A few people even save empty household cleaner spray bottles and reuse them.


----------



## lowejackson (Feb 23, 2006)

You can use ONR for wheel cleaning without any problems






The Optimum Power Clean (APC) might also be worth considering, it is not cheap but works well with ONR and can be useful for when you need something stronger than a shampoo.






As good as ONR is, it is not a miracle product, sometimes you may need a dedicated wheel cleaner.


----------



## m1pui (Jul 24, 2009)

I forgot to mention wheels. But yes, I agree with Lowe. ONR & a MF Cloth (another reason for cheapish ones) or brush make decent work at cleaning them if it's just general grime and dirty faces, but you can't beat a good wheel cleaner to eat through the baked on stuff.

That's another one I tend to do at the coin-op wash if they're particularly bad.

Not that it makes a big difference, but my mitt that I use is a Triplewax one (http://www.autoexpress.co.uk/accessories-tyres/45041/triplewax-microfibre-wash-mitt) which are £3.00 from Morissons. Have to admit, I prefer to hold them like a sponge, rather than stick my hand inside them.
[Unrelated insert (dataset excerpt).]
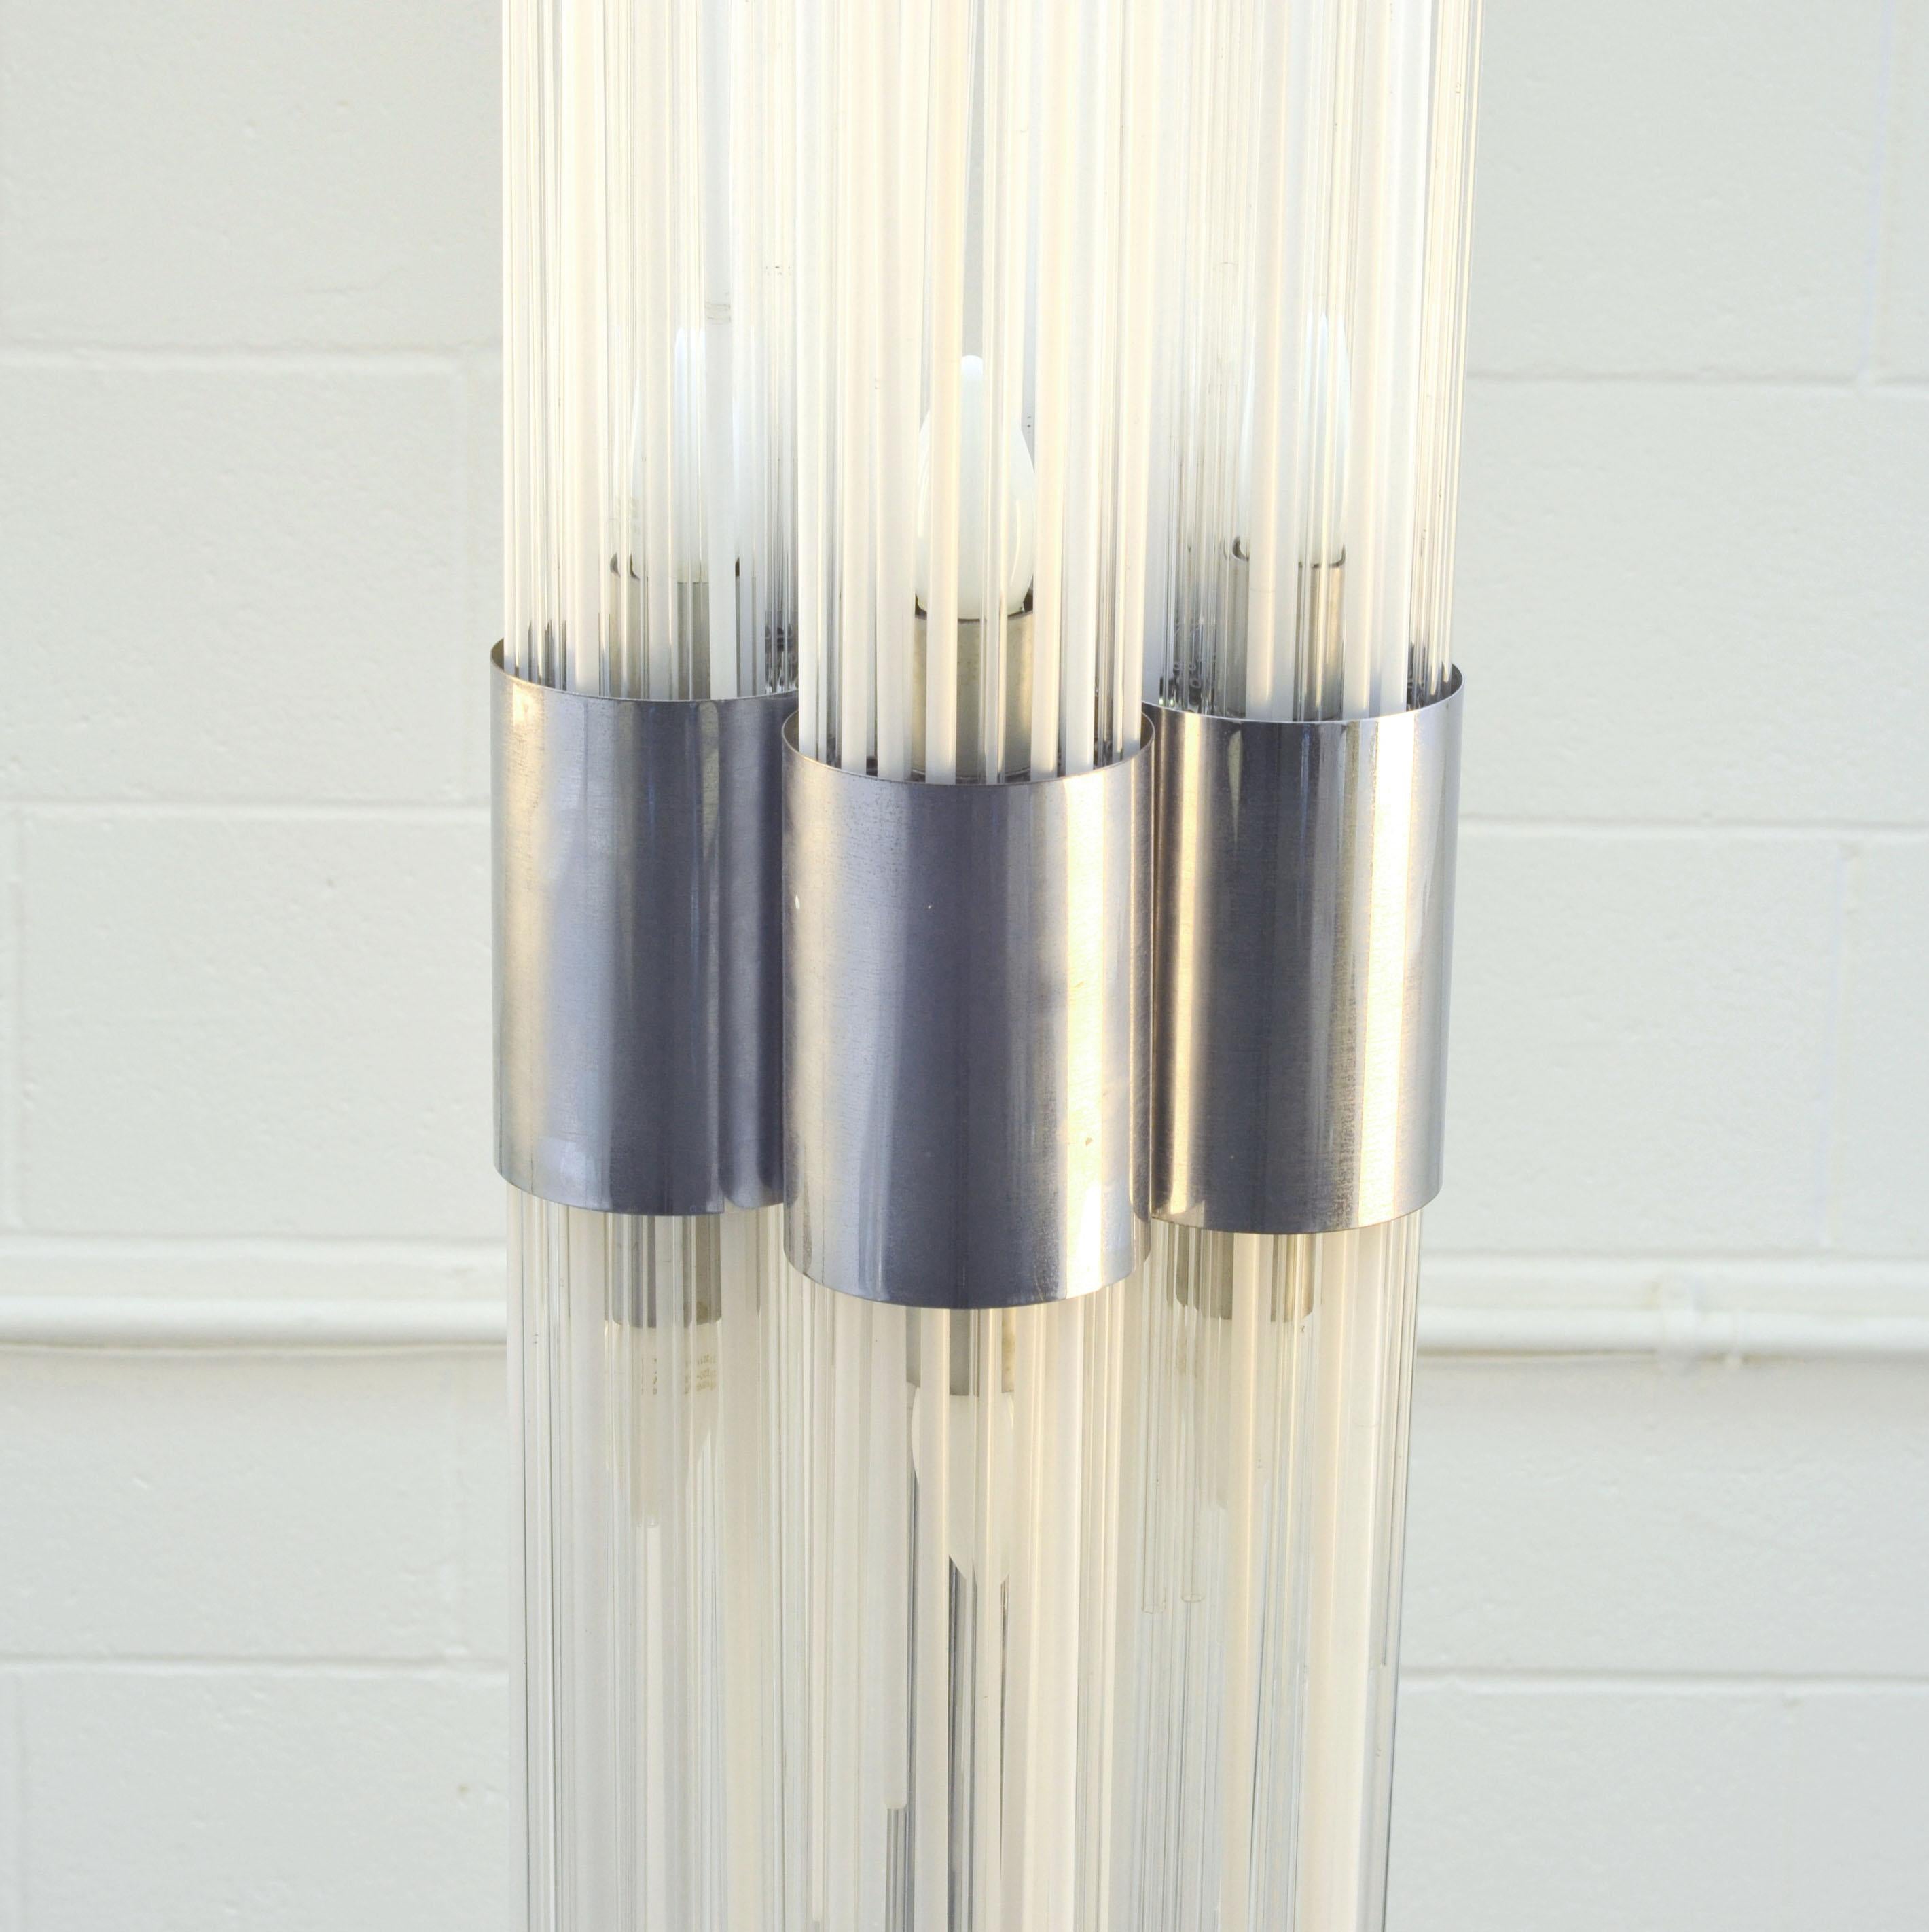 Sculptural Art Floor Lamp in Reed Glass Rods on Chrome Stand In Italy 1960's  For Sale 3

The colour isn't always yellow, but these are pretty much as the Kent towel's look like if you're having a nose around Asda/B&Q for them.
Kent Q6100 Extra Large Microfibre Drying Towel: Amazon.co.uk: Car & Motorbike

Brushes you mention in the first post too. Have a look in Asda. They have some pretty decent ones for a couple of quid (this and a couple of others http://groceries.asda.com/asda-webstore/landing/home.shtml#!product/910000931266). Toilet brushes are apparently good for wheel cleaning too!


----------